It might not fail to you. But once hard disks starts to fail badly, it usually becomes very unreliable. The most important thing is that once the data reach the bad sectors, the data will be at risk also. So its better to be on the safe side and backup all the data and replace the drive.
The disk has no more bad sectors
and the count on any of the errors has not increased.
I have spent countless hours in the past trying to save drives. HD regenerator, Spinrite, defrag programs. Only to have them fail after temporarily breathing life back in. Not one lasted more then a couple weeks. So now I just buy a new. Much easier and less time consuming. A soon as I start getting errors I secure wipe it, sell it and replace
I've been using it daily for the past 3 months and it's still working fine. I won't be using it for any system critical applications.
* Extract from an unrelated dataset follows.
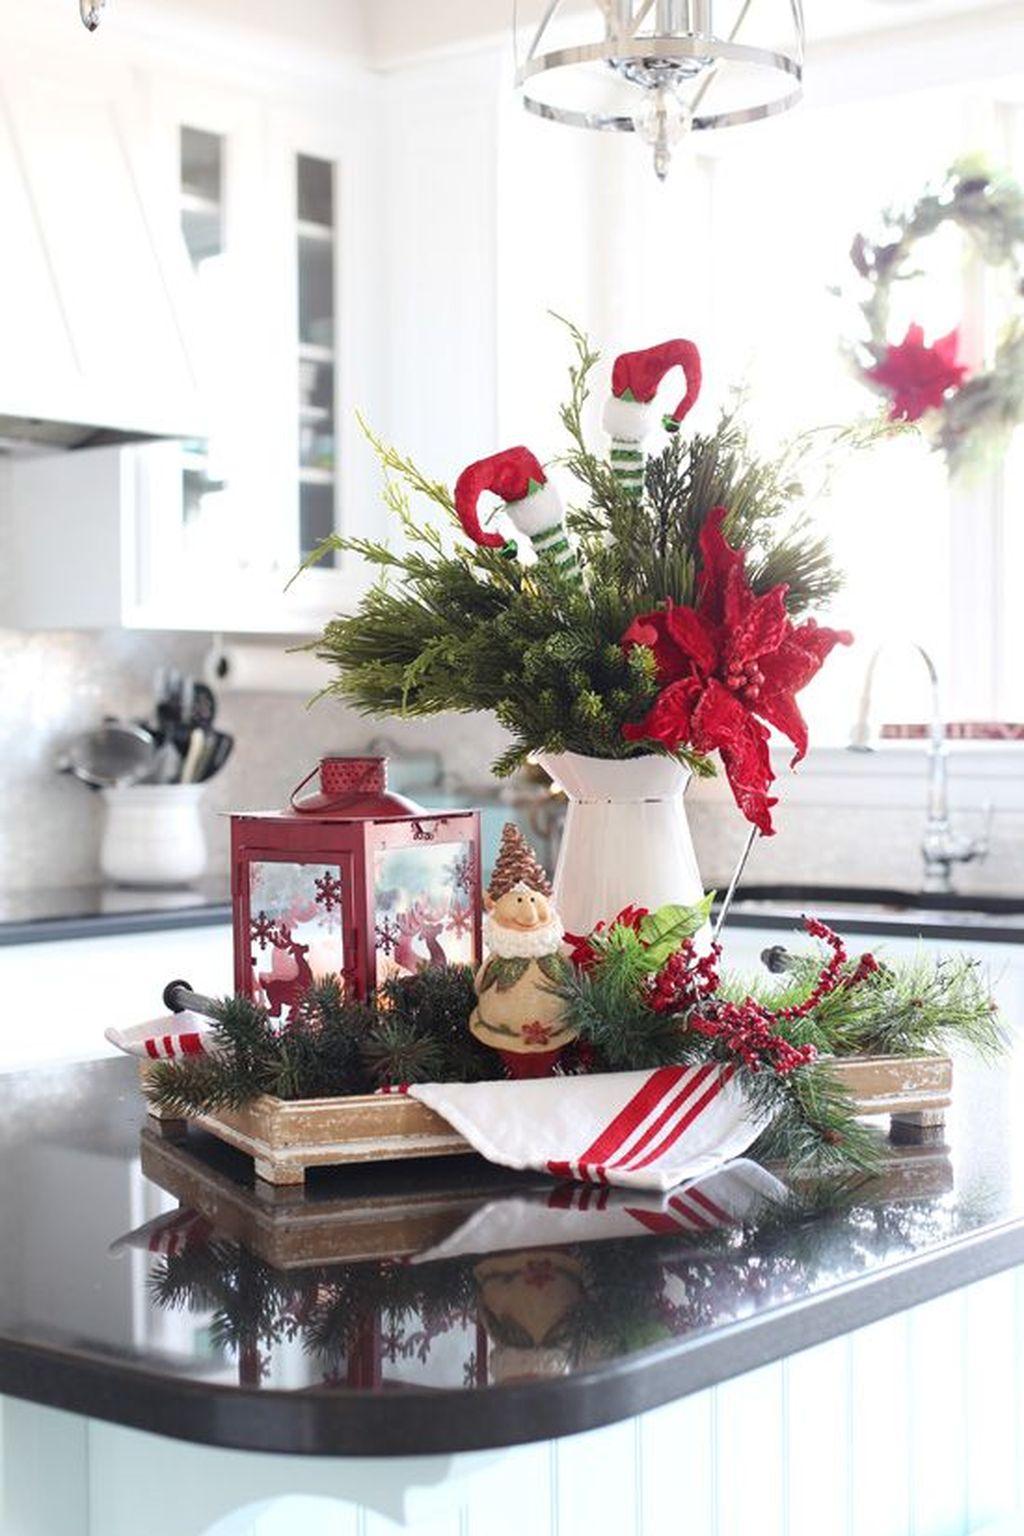 Awesome Christmas Theme Kitchen Decor Ideas 21

It's basically a spare media drive where i store and seed torrents and a place to keep various backups.
Throwing old hardware away, without even trying to fix it or find a use just seems very wasteful to me.
With HDDs it all depends on the kind of problem you have with your disk, for example if you were to suffer a head crash, then there wouldn't be much you could do to repair the disk, although if the heads weren't damaged you could partition around the damaged area.
The disk that i showed failed due to power-cuts. It would be in the middle of writing a sector and suffer from a power outage. I have a UPS now, so that won;t be a problem any more. The damage has been repaired as far as i can tell. At the moment, it just seems to be the S.M.A.R.T that is knackered, I get normal values when first opening a SMART monitor (most of the time), then leaving it on until it refreshes causes a huge amount of SMART errors.
Not all disks are irreparable once errors occur.